Esta corporeidad mortal y rosa

Written on 13:55 by Eugenio Sendarrubias

Aún recuerdo aquella jornada navideña en que mi querido compañero de trabajo en la sección de libros de la FNAC San Agustín, Bruno, me recomendó un par de libros que cambiaron mi percepción literaria por completo. Los libros, decía mi profesor de Literatura Hispanoamericana en la universidad, contienen únicamente “el fiel reflejo de las cosas que le suceden al ser humano y su entorno en el transcurso de su propia historia”. Por sentirme algo indiferente con mi propia historia le exigí a Bruno que no me recomendara cualquier cosa. Quería algo verdaderamente punzante, sin rémoras, sin rebabas, algo que me marcara. Lo primero que le vino a la mente fue “La muerte de Virgilio” de Hermann Broch, obra de la cual dudo que me atreva a escribir ningún comentario jamás. La segunda inyección letal fue “Mortal y rosa” de Francisco Umbral. Recuerdo que me preguntó, antes de citar la obra del columnista, si tenía algún prejuicio político con él. Yo le aseguré que no.
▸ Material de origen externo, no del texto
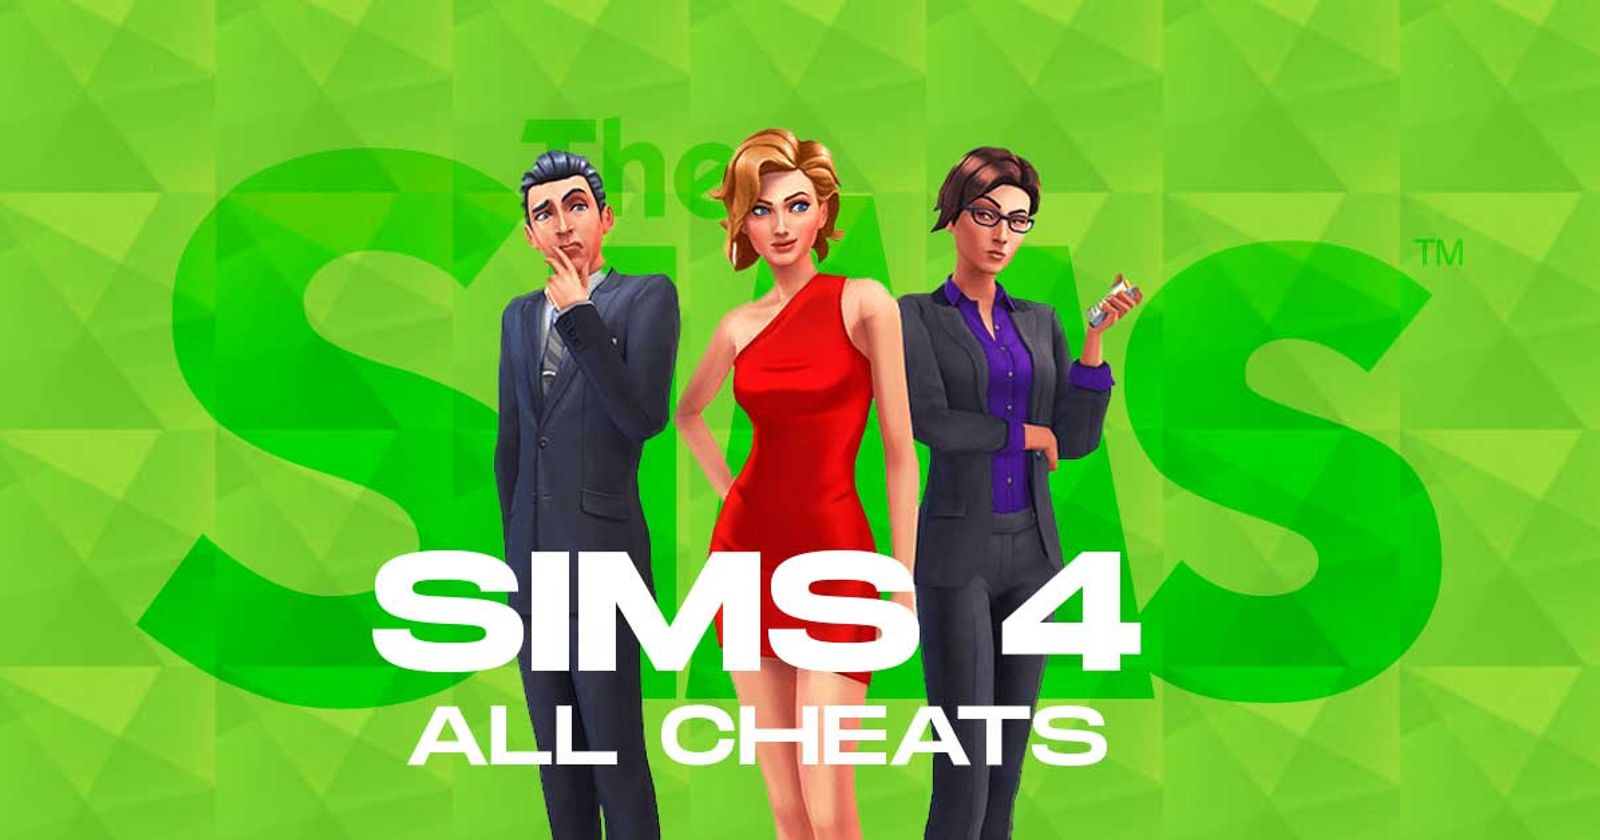 Gammel mand Palads mulighed Sims 4 Cheats: All cheat codes for PS4, Xbox One, PC & Mac
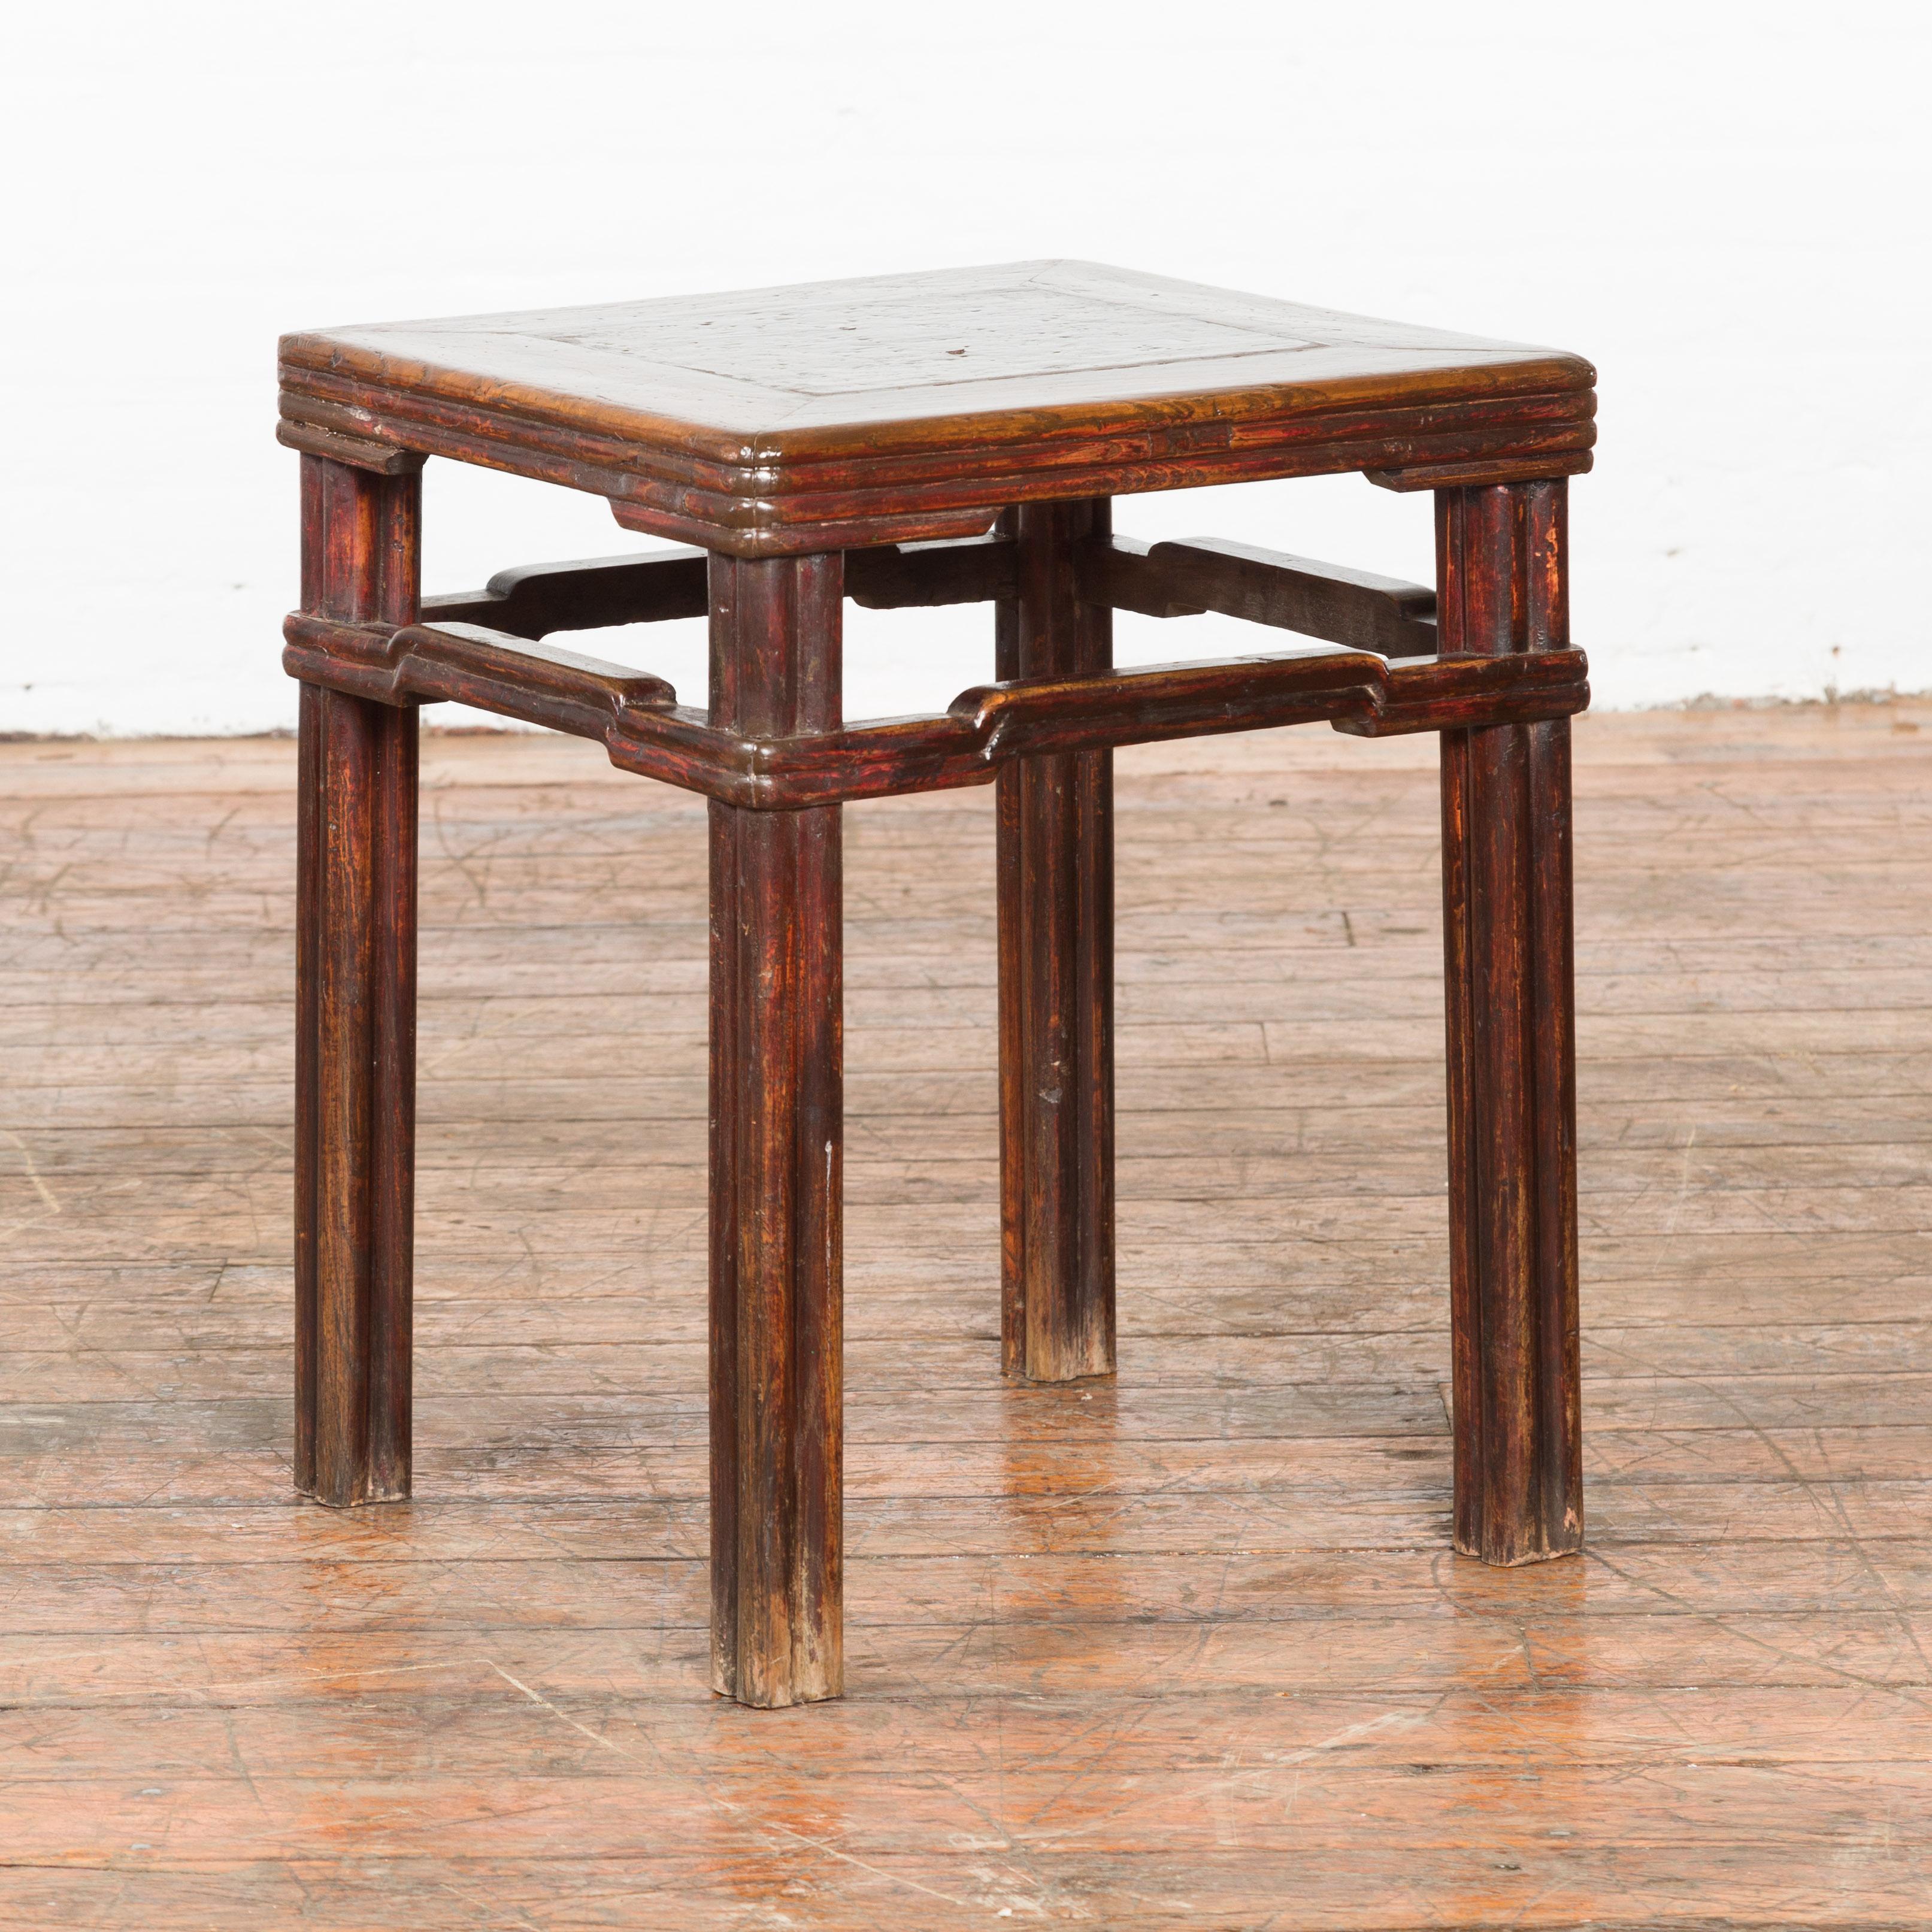 A Chinese Qing Dynasty period side table from the 19th century, with humpback stretchers and red undertone. Created in China during the Qing Dynasty, this side table features a square top with central board, sitting above a reeded apron. Raised on

La primera vez que lei a Francisco Umbral fue cuando en la más agitada adolescencia giré el diario El Mundo y vi junto a su foto el título de su columna diaria: Los placeres y los días. Por un rebote, del cual no guardo ningún dato interesante, ese era el título de uno de los primeros libros que lei en mi vida. Proust aplastó cualquier entretenimiento audiovisual durante unas horas. Aquel verano, que tenía pinta de convertirse en una colección de días infernales y excesos en kilocalorías, se terminó convirtiendo en el periodo en que conocí a tres personajes decisivos para mi: Proust, Delibes y la mujer más importante de mi vida. Fue el mismo Delibes, cuando mi madre sólo tenía diez años y yo no era ni átomo, quien enganchó a Umbral como periodista para El Norte de Castilla. Cuando Umbral tuvo 10 años, como los que tuvo mi madre, fue expulsado del colegio en Laguna de Duero y fue tachado de alumno “indómito”. Nunca más se volvió a escolarizar ni a asistir a lecciones de ningún tipo. En cierta medida, aquella fue su primera lección. No obstante, su pasión por la lectura le hizo convertirse en un autodidacta del conocimiento y compaginó dicha afición con un trabajo de botones hasta conocer a Don Miguel.

El 28 de agosto de 2007 yo debería haber estado estudiando todo el día, pero me he despertado demasiado temprano y he escuchado la radio mientras desayunaba. Tras conocer la noticia, y con el avituallamiento a medio calentar, he alcanzado el libro de entre los numerosos lomos negros de la colección Cátedra -Letras Hispánicas- que da uniformidad a mi estantería. Lo he releído y me ha sabido mejor que nunca. Cada bandazo tenía mucho más sentido. Cada aspaviento entre los verbos era un acto de lujuria. La avaricia si tiene sentido cuando se puede llegar a expresar tan ferozmente con esa poesía prosaica, desgarrada por el leitmotiv de la obra. A un estudiante de periodismo no le deben enseñar nada de esto. Hoy la volatilidad de Umbral sigue siendo densa aunque, desgraciadamente, mañana dejará de ser diaria.